Limitations & Future Work

  • The authors admit ReMedi still produces a few instances of inconsistent reasoning and predictions, indicating that filtering rules and DPO preferences cannot yet fully guarantee explanation faithfulness.
  • Experiments focused on clinical prediction tasks with clear labels; open-ended clinical QA, treatment plan generation, or multimodal medical decision-making have not yet been validated.
  • The base model was primarily HuatuoGPT-o1-7B; whether models above 70B still require the same intensity of regeneration and preference optimization was not systematically studied.
  • Human evaluation only covered reasoning-prediction alignment and did not involve clinical experts strictly assessing whether each rationale was medically correct, which limits the clinical trustworthiness conclusions.
  • Future use in real medical systems requires adding uncertainty estimation, expert review, and data drift monitoring rather than relying solely on a single prediction label.
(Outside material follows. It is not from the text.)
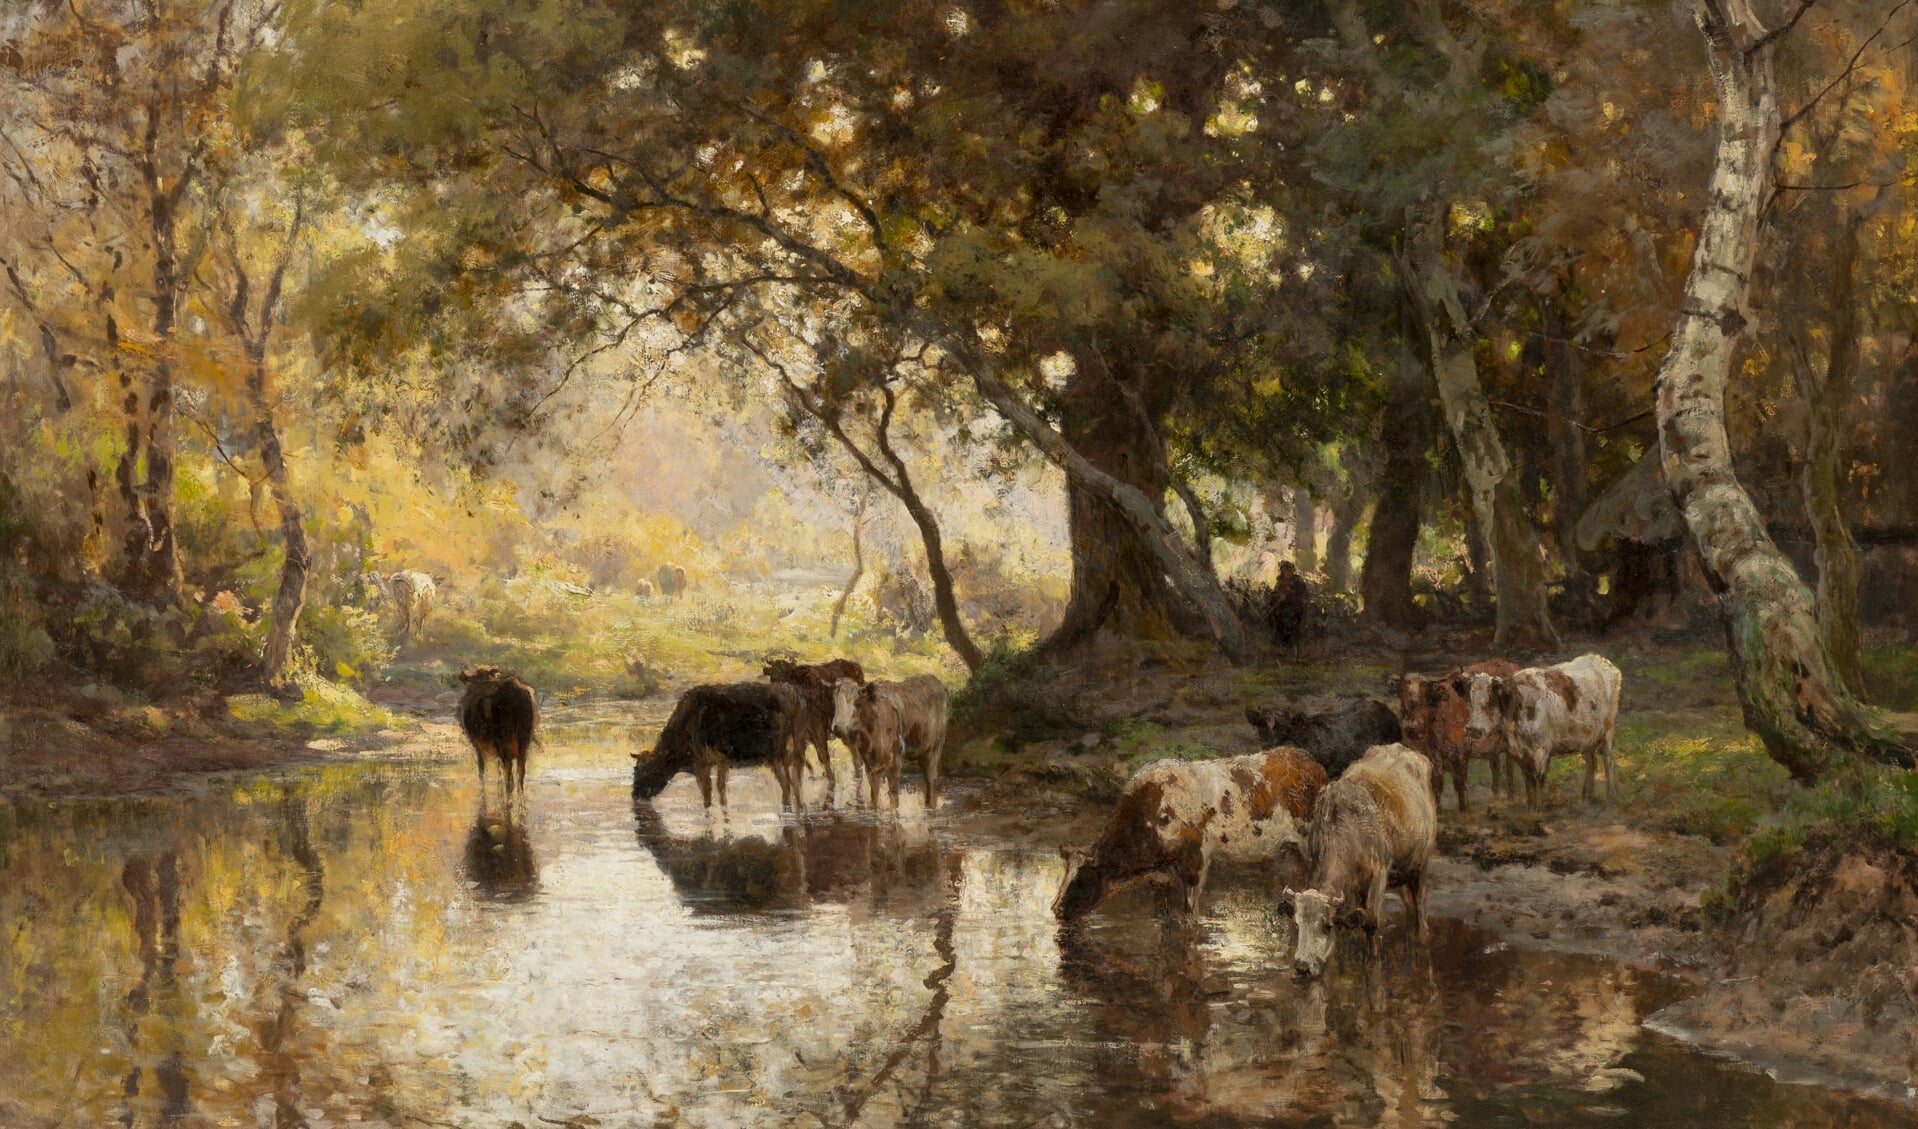  'Koeien aan de waterkant' van de Haagse schilder Julius van Sande Bakhuyzen (1835-1925). (Foto: JAV Studio's)

  • vs KARE: KARE enhances reasoning through medical knowledge distillation and structured medical graphs; ReMedi uses label-guided self-generated rationales and DPO to directly shape predictive reasoning capabilities. The former is more knowledge-dependent, while the latter is lighter for scaling and deployment.
  • vs STaR: STaR uses model-generated rationales for iterative self-training but performs poorly in clinical prediction; ReMedi differs by using ground-truth hints specifically for hard samples and constraining incorrect rationales with preference data.
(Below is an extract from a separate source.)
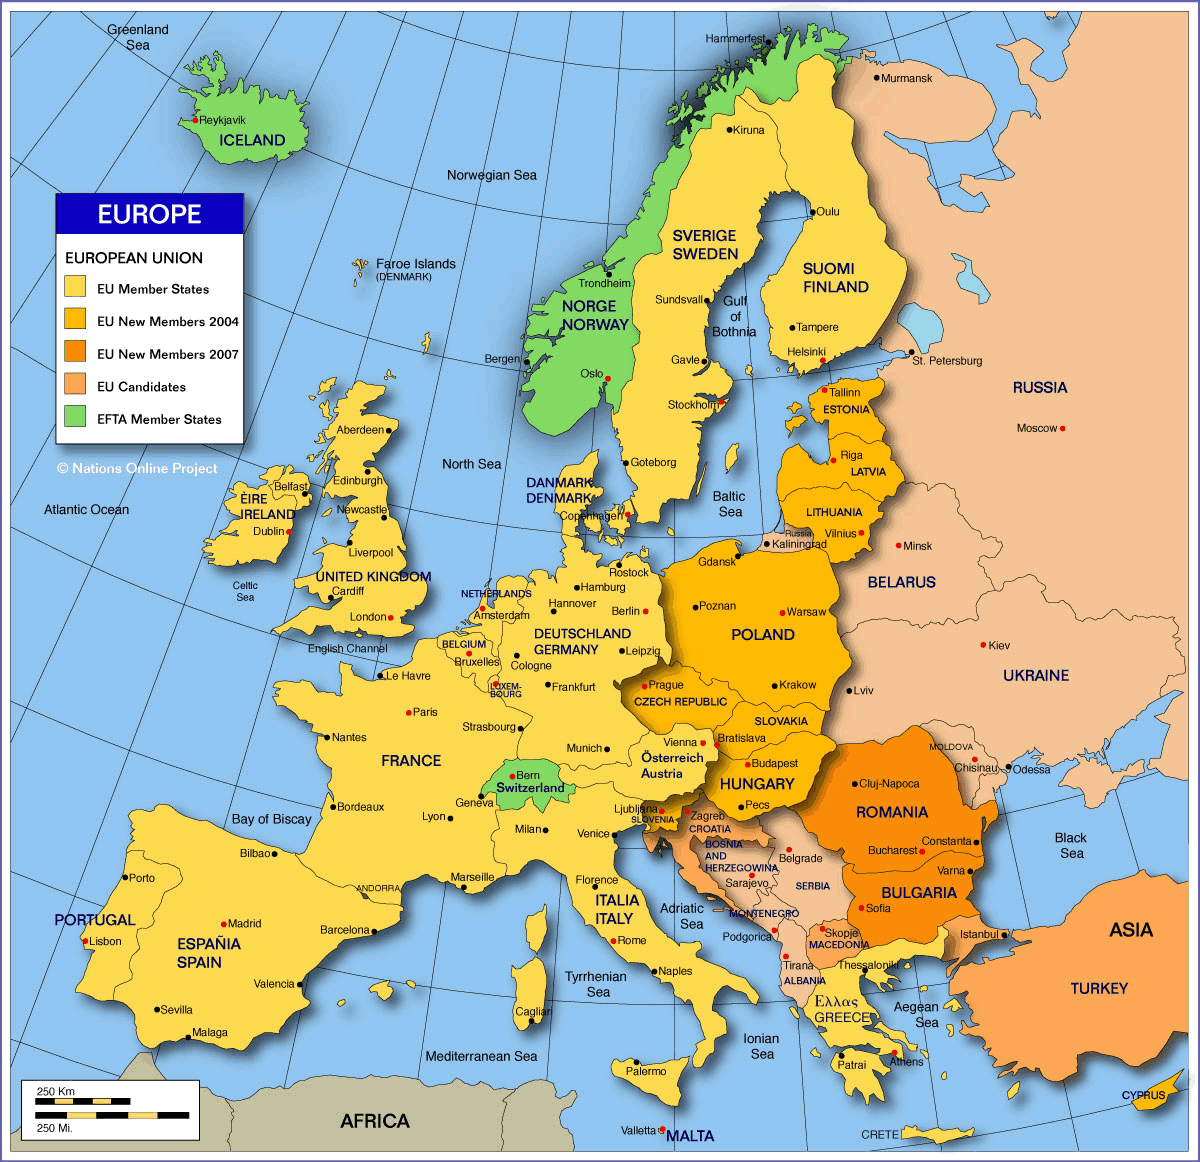 EU countries

  • vs RAG Medical LLMs: RAG solves external knowledge coverage, while ReMedi solves EHR context interpretation. The two can be complementary—for example, by retrieving guideline knowledge first and then using ReMedi-style preference training to ensure conclusion-rationale consistency.
  • Insight: For high-risk tasks with labels but missing explanations, consider the "label hint rationale generation + leakage filtering + preference optimization" route, which trains interpretable decision-making better than simple SFT on final labels.

Rating

  • Novelty: ⭐⭐⭐⭐☆ Combines label rationalization, hard samples, and DPO into EHR prediction; simple idea but excellent scenario adaptation.
  • Experimental Thoroughness: ⭐⭐⭐⭐☆ Main experiments, ablations, alignment, and case studies are complete, though expert evaluation and larger model scaling are limited.
  • Writing Quality: ⭐⭐⭐⭐☆ Clear methodology, sufficient tabular information; some implementation details like prompt templates could be further expanded.
  • Value: ⭐⭐⭐⭐⭐ Highly practical for "accurate prediction + explanation consistency" in medical LLMs, especially suitable for tasks with low expert annotation budgets.